Question:
Given a binary tree, get the difference of the sum of the nodes at odd level and sum of the nodes at even level.
Example:
Consider the image given below:
Form the image above,
The sum of nodes at odd level is 16 + 7 + 15 + 18 + 30 = 86
The sum of nodes at even level is 10 + 25 = 35
So the output should be 86 – 35 = 51
Solution:
This problem can be solved by recursive traversal.
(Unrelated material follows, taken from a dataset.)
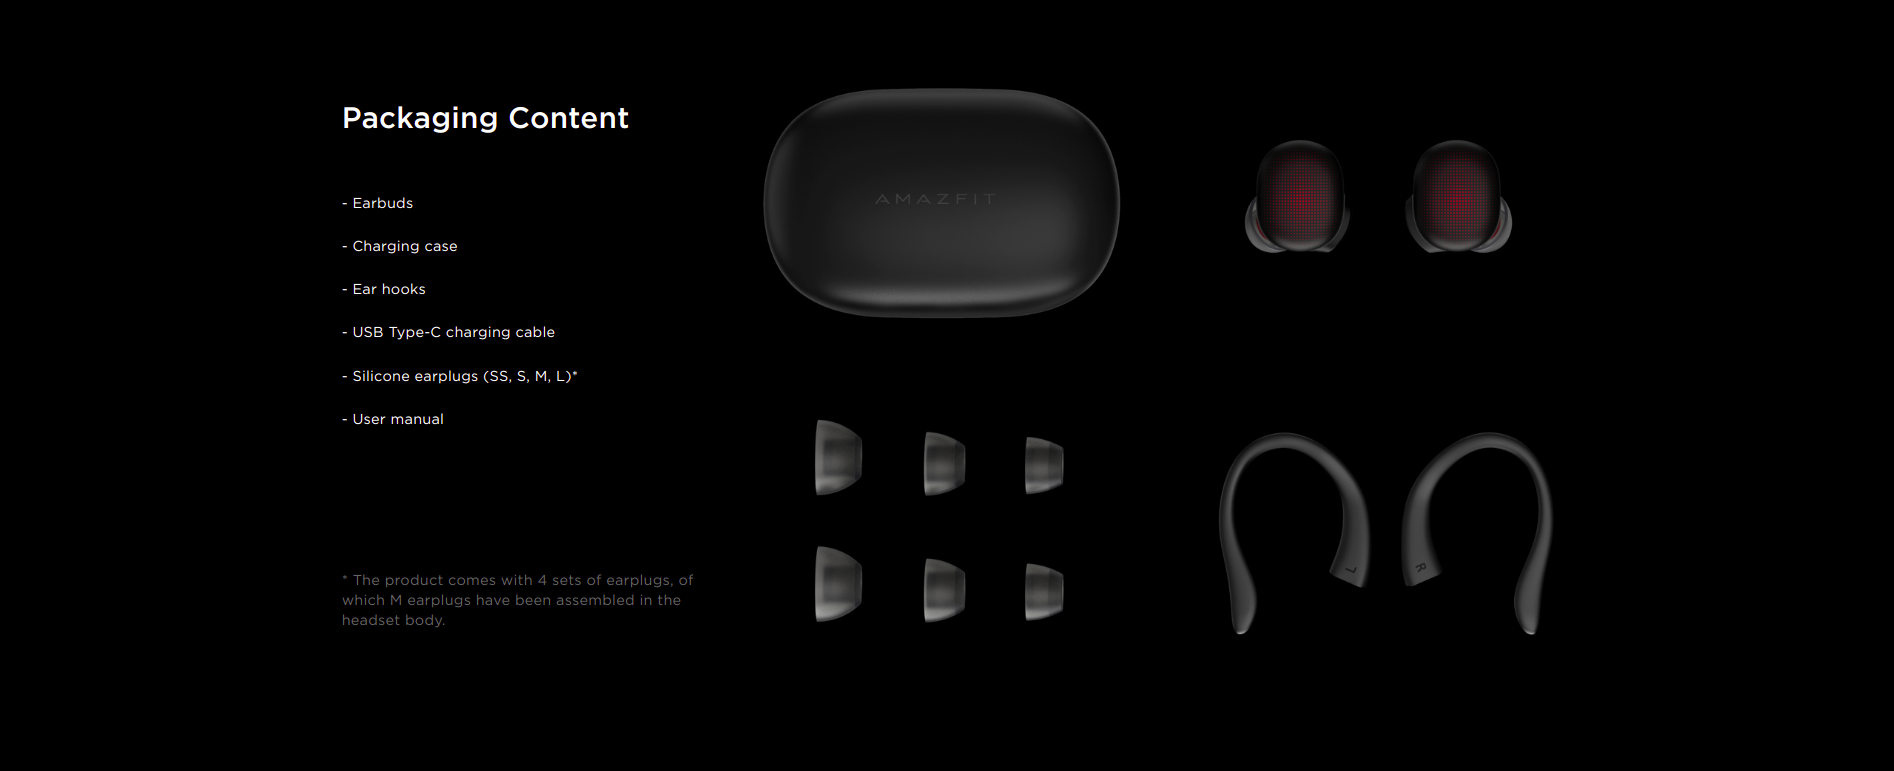 Amazfit PowerBuds Truly Wireless Bluetooth in Ear Earbuds

Assume if you have only one node, and no left and right node.
Now, you will do
root – left_node – right_node
= 16 – 0 – 0 = 16
Suppose,
if you have left and right children as shown below:
root – left_node – right_node
= 16 – 10 – 25 = -19
We apply similar logic to all the nodes.
return root->data – get_level_diff(root->left) – get_level_diff(root->right);
We call “get_level_diff” recursively for left and right nodes, and arrive at the solution.
Recursion Visualization:
As we are calling the “get_level_diff” recursively, let us understand how it will work:
We take an empty stack, and stack will grow as follows:
So we perform similar recursive call to all the nodes and arrive at our solution.
Solution in C++
#include <iostream>
using namespace std;
// structure to hold binary tree node
struct Node
{
int data;
Node *left, *right;
Node(int data)
{
this->data = data;
this->left = this->right = nullptr;
}
};
int get_level_diff(Node *root)
{
// Base case
if (root == NULL)
return 0;
return root->data - get_level_diff(root->left) -
get_level_diff(root->right);
}
int main()
{
Node* root = nullptr;
/* Binary tree:
16
/ \
/ \
10 25
/ \ / \
/ \ / \
7 15 18 30
*/
root = new Node(16);
root->left = new Node(10);
root->right = new Node(25);
root->left->left = new Node(7);
root->left->right = new Node(15);
root->right->left = new Node(18);
root->right->right = new Node(30);
cout<<"Solution = " << get_level_diff(root)<<endl;
return 0;
}
Output:
Solution = 51